The gap between how much tax the government owes and the amount it collects has grown to almost £40bn, latest official figures show, as the Conservatives and Labour vow to tackle tax dodging ahead of the general election.
The UK’s so-called tax gap in the 2022 to 2023 tax year is estimated to stand at £39.8bn, representing 4.8 per cent of uncollected tax, according to new data from HMRC.
This figure is up from £35.8bn in 2021 to 2022, although in both years HMRC is estimated to have collected 95.2 per cent of all tax due.
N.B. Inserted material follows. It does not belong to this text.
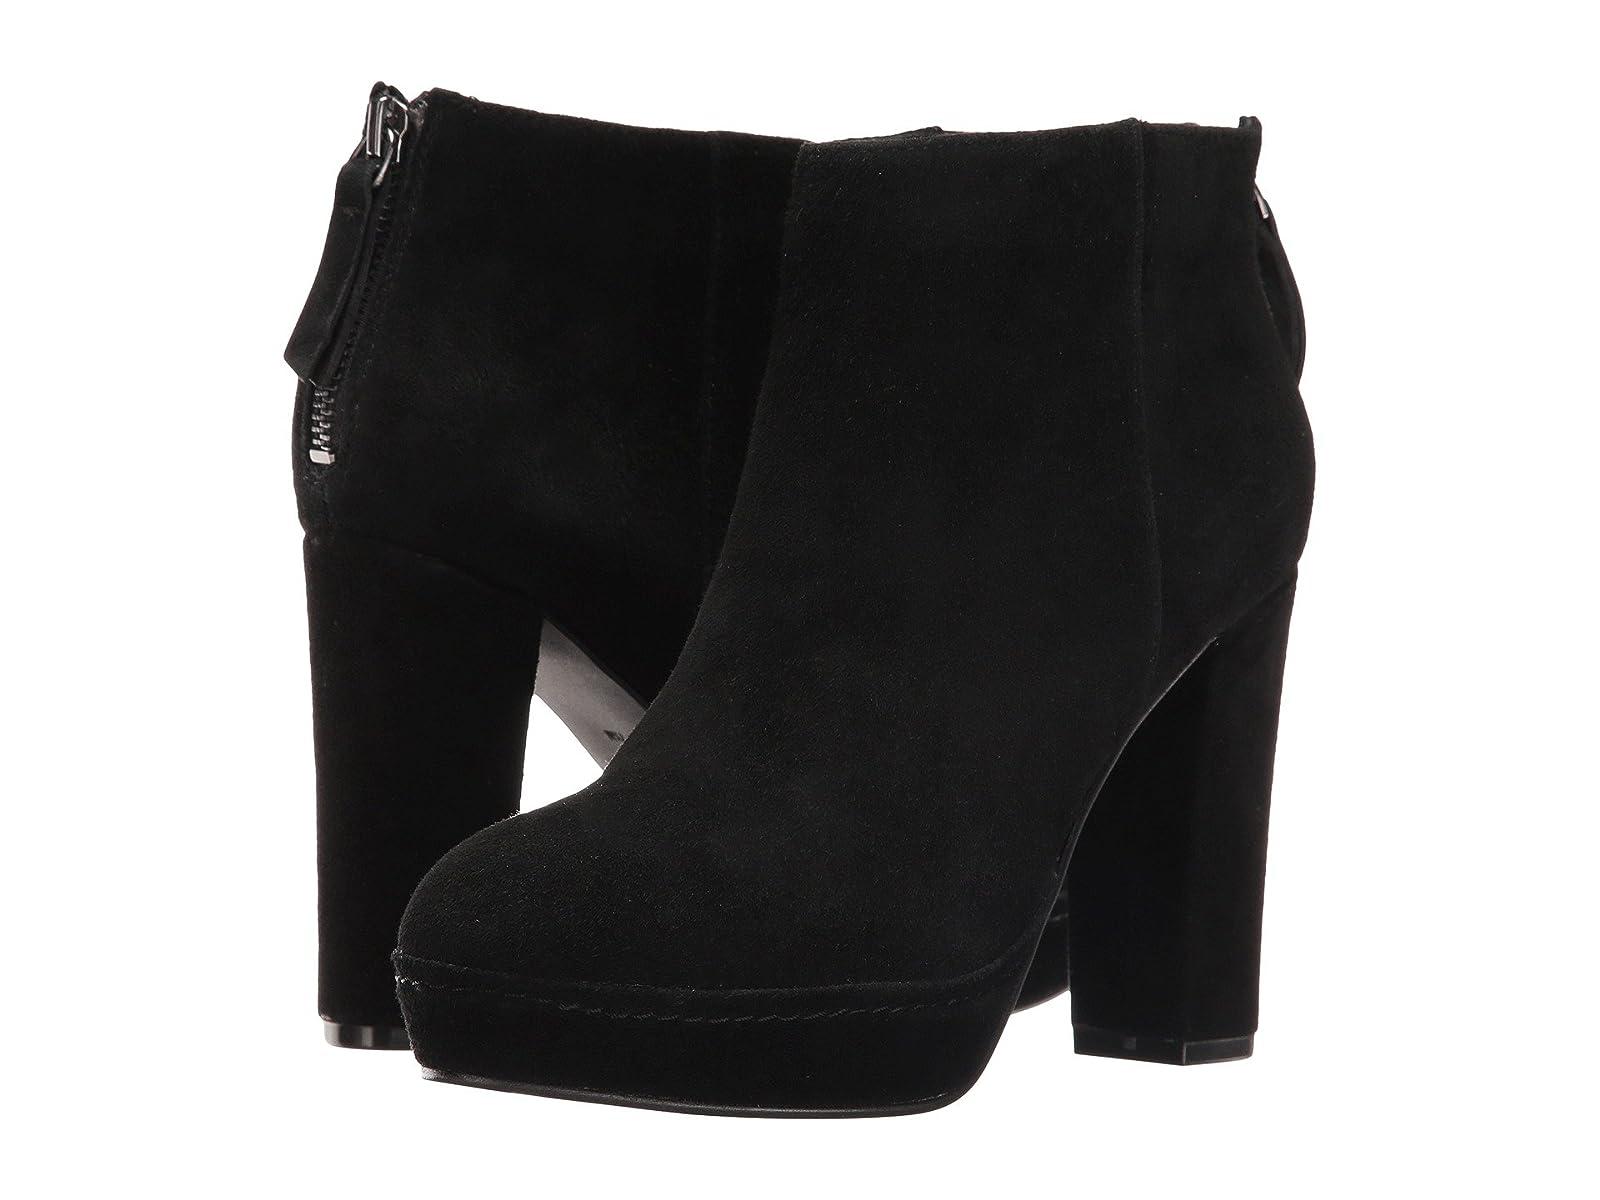 Bettye Muller MeadeCheap and distinctive eye-catching shoes
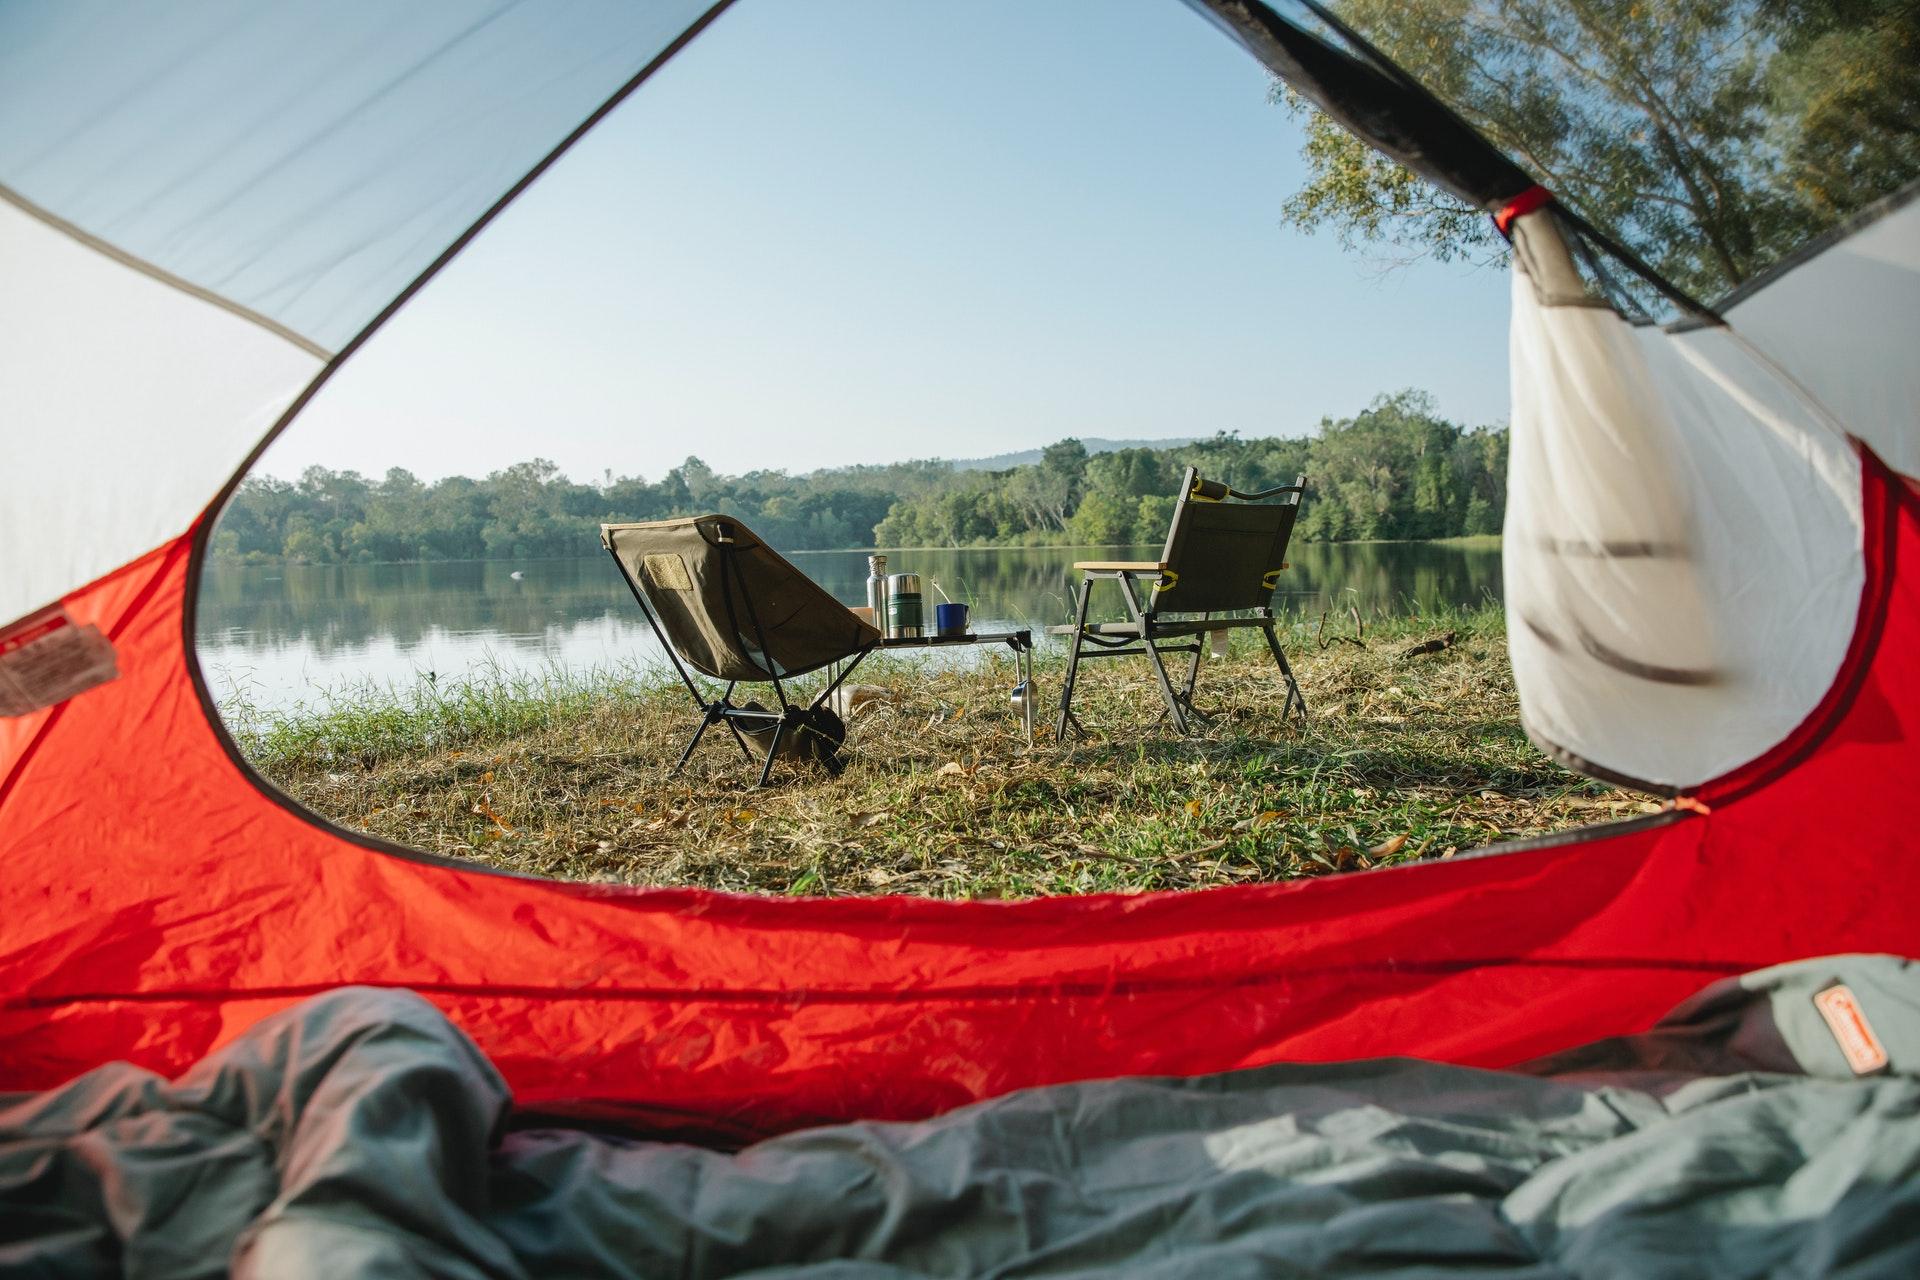 plan-insular-ordenacion-fuerteventura-regular-actividades-camping

The tax gap was 7.4 per cent, or £32.6bn, in 2005 to 2006.
Although billions is lost to illegal activity every year, large parts of the shortfall are also due to human error.
Clamping down on tax evasion and avoidance has become a key pledge of both the Conservative and Labour parties ahead of the general election on 4 July.
Earlier this week, the Tories promised a £2.4bn tax break for pensioners if it wins the election, funded by a plan to raise £6bn per year through improved collection and a clampdown on avoidance and evasion.
Meanwhile, Labour has laid out plans to raise an £5bn a year by 2029-30 by reducing tax dodging, which it said would be used to cut NHS waiting lists and introduce a free breakfast policy for primary schools.
“Simply put, it is not just or right for billions of pounds of tax to be left uncollected,” said Rachael Henry, head of advocacy and policy at Tax Justice UK.
“The NHS desperately needs extra funds and people are having to put unaffordable basics back on supermarket shelves far too often. The tax gap of £40bn is vital revenue to help clear waiting lists and guarantee people get the healthcare appointments and treatments they need.”
Tax Justice UK said that if the UK’s tax gap shrunk 10 per cent, it could cover the cost of ending the two-child benefit cap, while closing it by 20 per cent could pay for around 60,000 nurses, 40,000 teachers and 40,000 police officers.
“It is an open goal for the government and a winner for the country,” Henry continued.